- Com o título acima, tanscrevo na íntegra artigo da advogada Maritânia Dallagnol, especializada em Direito Eleitoral, que tem muito a ver com o momento político que o Brasil está vivendo em face da proximidade das eleições municipais de 7 de outubro:
O legislador preocupou-se em discriminar as principais vertentes de poder, elegendo o poder econômico, político e da comunicação social como os principais focos de disseminação de abuso com potencialidade lesiva e real capacidade de incidência nos processos eleitorais.

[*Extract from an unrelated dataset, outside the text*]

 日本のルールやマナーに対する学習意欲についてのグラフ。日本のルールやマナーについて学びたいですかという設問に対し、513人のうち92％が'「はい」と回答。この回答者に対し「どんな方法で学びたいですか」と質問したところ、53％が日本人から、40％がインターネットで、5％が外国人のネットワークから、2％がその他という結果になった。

A Lei Eleitoral criou normas de controle dos veículos de comunicação social reconhecendo sua potencialidade lesiva, especialmente pela veloz propagação e alcance de suas transmissões. Além disso, o emprego de mensagens subliminares é capaz de influenciar a vontade do eleitor. Desde dia 1 de julho e até a data da eleição, são vedadas às emissoras de rádio e televisão a divulgação de entrevistas jornalísticas ou programas que, de alguma forma, possam configurar benefício a um ou outro candidato ou caracterizar tratamento privilegiado, seja por meio de manifestações de apoio ou pela propaganda negativa.
O abuso do poder econômico em definição sintética dada pelo Tribunal Superior Eleitoral se refere “à utilização excessiva, antes ou durante a campanha eleitoral, de recursos materiais ou humanos, que representem valor econômico, buscando beneficiar candidato, partido ou coligação, afetando assim a normalidade e a legitimidade das eleições.”

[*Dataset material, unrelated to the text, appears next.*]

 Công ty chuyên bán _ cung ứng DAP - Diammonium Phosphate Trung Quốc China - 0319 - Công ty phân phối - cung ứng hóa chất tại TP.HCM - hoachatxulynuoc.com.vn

O abuso do poder político, por sua vez, estará caracterizado sempre que o agente público se utilizar do cargo ou função com desvio de finalidade, visando obter vantagem eleitoral para si ou para terceiros, desequilibrando o pleito.
A ação corrosiva do abuso do poder, não raras vezes, conduz ao comando do Executivo ou a ocupação de cadeiras nos parlamentos representantes vinculados a interesses de grupos econômicos, dos quais se tornam reféns, em maior ou menor escala.
As práticas abusivas, geralmente, se apresentam de forma oblíqua, sorrateira, escudadas em atos ilícitos, levadas a efeito diretamente pelo interessado ou por terceiros a seu mando, ou, de forma subliminar, induzindo o eleitor a optar por determinado candidato. É comum o entrelaçamento das práticas abusivas, numa imbricação de interesses onde se revela a utilização do poder político e do poder econômico para a distribuição de benesses de toda ordem às vésperas do pleito, o financiamento indireto de propaganda eleitoral ou a utilização dos programas sociais e da máquina administrativa, ferindo os princípios basilares do jogo democrático.
A fim de conter a ação perniciosa e abusiva do poder, a Lei Complementar 64, de 1990, modificada pela LC 135/2010 (Lei da Ficha Limpa) estabeleceu procedimento no qual os partidos, coligações, candidatos e o Ministério Público poderão requerer a apuração dos fatos. A procedência de ação por abuso de poder conduz a declaração de inelegibilidade dos envolvidos por oito anos e, ainda, a cassação do registro ou diploma do candidato beneficiado.
A contenção do abuso do poder econômico, comum nas campanhas eleitorais, é de tal modo fundamental para o fortalecimento das instituições democráticas e da legitimidade das eleições que a própria Constituição Federal estabeleceu a possibilidade de impugnação do mandato eletivo, obtido mediante abuso de poder econômico, corrupção ou fraude, em ação movida perante a Justiça Eleitoral, em até 15 dias após a diplomação (CF Art. 14, §10).
O aperfeiçoamento da democracia brasileira, é inegável, carece de uma reforma política que corrija as distorções do sistema político de representação e que estabeleça limites ao financiamento privado das campanhas eleitorais. Da mesma forma, se impõe o enfrentamento de temas como a injustiça social, urbana e rural, que coloca milhões de pessoas em estado de vulnerabilidade e que favorece a ação abusiva dos detentores do poder, bem como a regulação e democratização das comunicações (grande parte das concessões de rádio e televisão pertencem a deputados, senadores e grupos políticos tradicionais).
Enquanto avançamos na consolidação democrática, a utilização dos mecanismos legais de contenção do abuso de poder, com ação fiscalizatória dos partidos, candidatos e Ministério Público, bem como pela atuação da Justiça Eleitoral, contribui para a garantia da legitimidade do processo eleitoral de escolha dos governantes.